DIRECTIONS FOR THIS TASK
Find and copy each line of the data that includes "leave".

INFORMATION
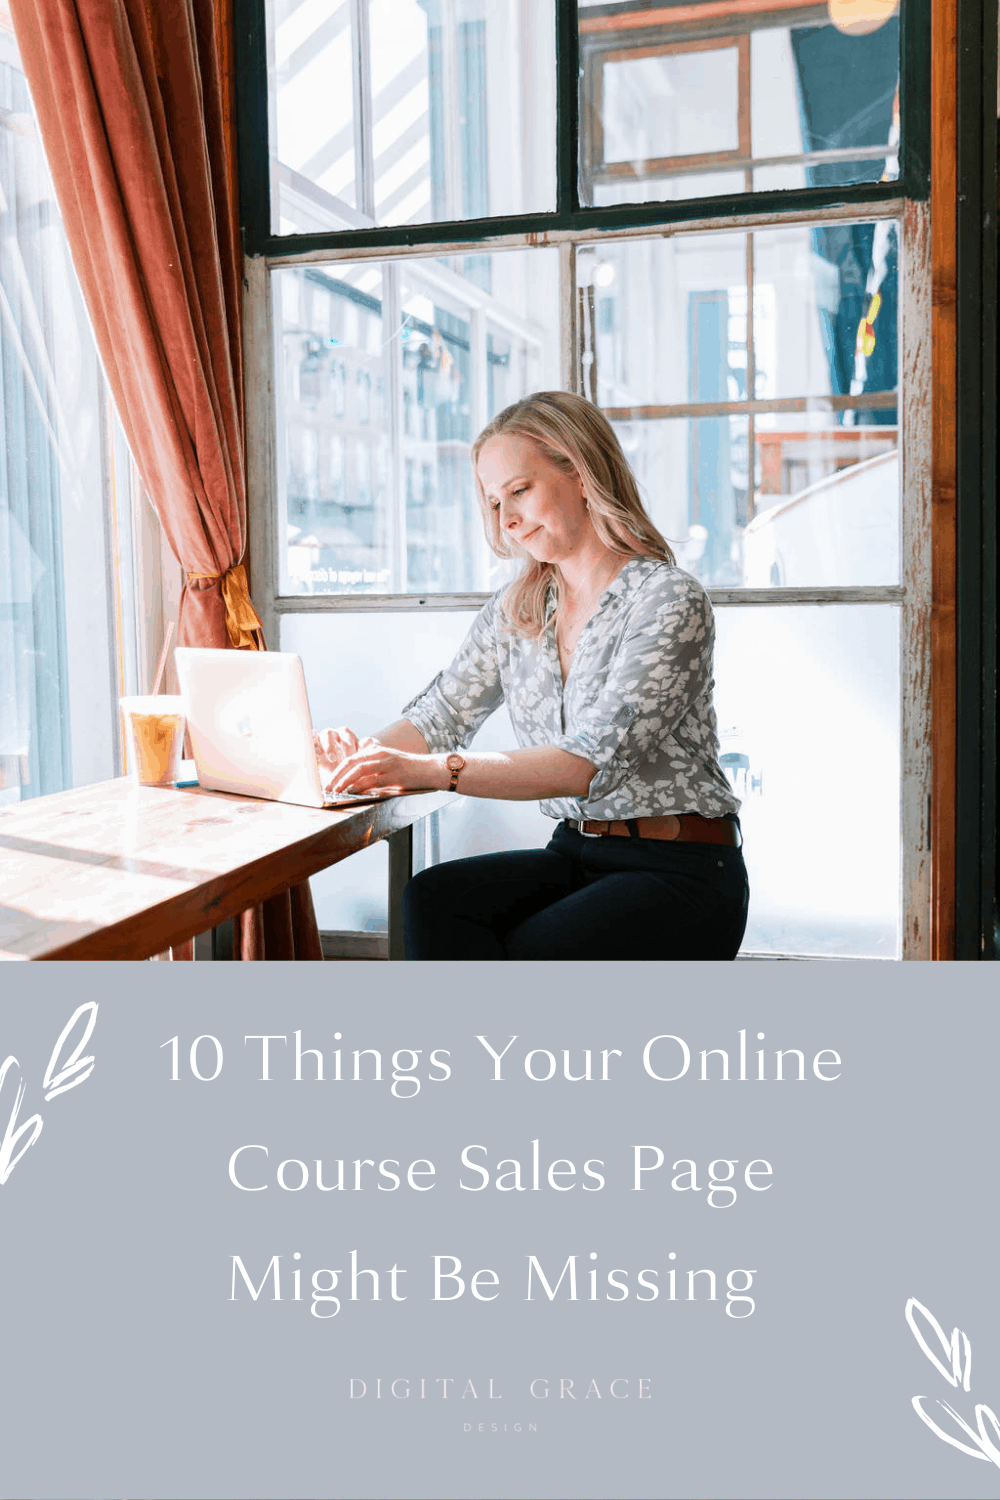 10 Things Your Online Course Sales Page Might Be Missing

* * *

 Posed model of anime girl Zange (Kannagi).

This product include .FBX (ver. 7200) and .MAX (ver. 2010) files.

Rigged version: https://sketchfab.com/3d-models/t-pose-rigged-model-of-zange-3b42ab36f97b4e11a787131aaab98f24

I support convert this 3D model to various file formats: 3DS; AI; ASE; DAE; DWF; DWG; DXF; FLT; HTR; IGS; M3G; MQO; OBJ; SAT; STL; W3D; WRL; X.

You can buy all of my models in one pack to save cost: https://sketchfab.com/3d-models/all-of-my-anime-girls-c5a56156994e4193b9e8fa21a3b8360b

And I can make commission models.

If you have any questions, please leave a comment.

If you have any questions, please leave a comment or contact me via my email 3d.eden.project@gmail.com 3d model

ANSWER BOX
If you have any questions, please leave a comment.
If you have any questions, please leave a comment or contact me via my email 3d.eden.project@gmail.com 3d model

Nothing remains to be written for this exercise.